Sunday, April 11, 2010

Orchid Blogging

On Friday I received the new Blc. "Ports of Paradise" Emerald Isle, mentioned in previous blog entry. Beautiful plant, nice condition. Learning from prior failure-to-repot, I turned it out of the pot on Sat. am and repotted it in a glazed orchid-type pot with plentiful holes in the sides for air exchange. The majority of the roots looked great. All of the leaves were nice. The original medium was not rotted or soggy. Nice plant! Pic is an old lithograph, I believe that was from 1840s.

I learned from gardenweb and internet sources, that waterspots can be cleaned off from orchid leaves using lemon juice. I just used lemon juice directly from a lemon-juice squeeze bottle, and wiped the leaves with paper towel. The leaves look clean, but not the super shiny leaves that result from leaf polishes. Nice info to know!

I also looked for information on growing Dendrobium nobile, since I have 2 specimens. It seems they should do well here, just need to know when to water, when to feed, when to leave outside, and where to put them. It appears that the most important aspect is lots of sun. Today was high 60s outside, and overcast, so I set the dendrobiums outside for a while. Only about 3 hours, I didn't want them to sunburn. From my reading, looks like they need generous water and feeding until August, then change to low nitrogen feeding and cut back watering. Keep outside until nights drop into the 40s. Then keep dry until they show signs of growth again. Something like that. And as much sun as they can get, especially during Summer growth. Even direct sunlight, as long as they are watered frequently and not allowed to get sunburn. Scheme is from Yamamoto Dendrobiums, click for more readable scheme and better explanation.

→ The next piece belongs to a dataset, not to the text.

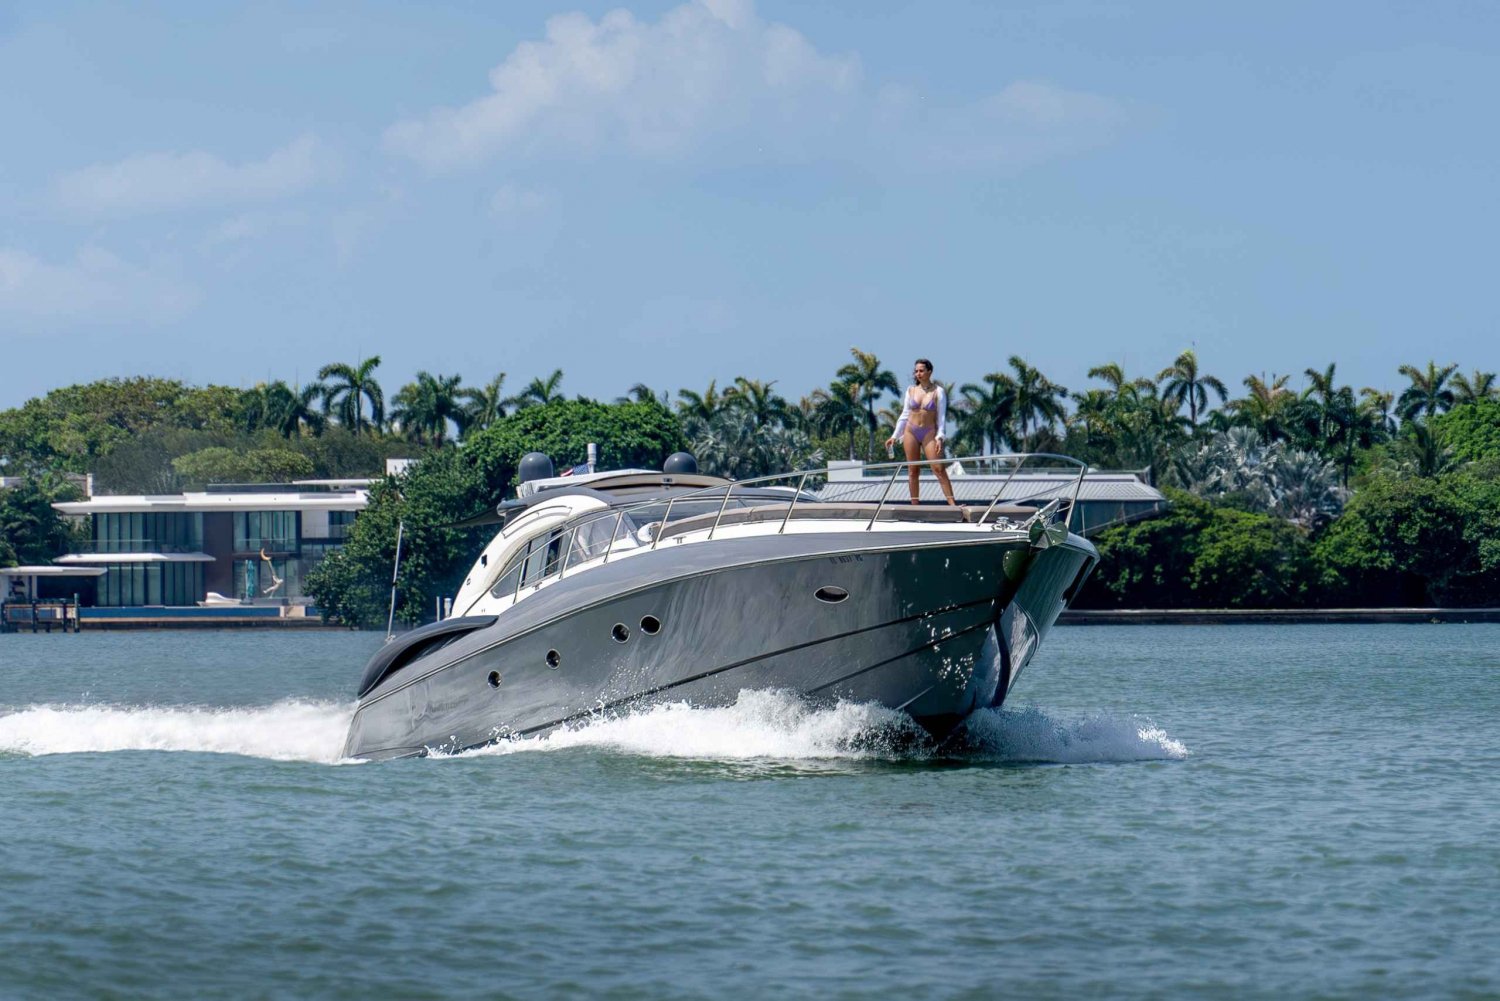 Откройте для себя магию Майами на нашей 60-футовой яхте

19th century print of a Dendrobium nobile. This is a cool arrangement - instead of a round plastc pot (plastic wasn't invented for, say, another hundred years), it's sort of a box or bonzai pot, with a tree-branch-like structure and moss, and the dendrobium growing as if in nature. I like the smaller number of flowers - some modern plants seem too lavish. I spent a fair amount of internet time determining that my plants were this species.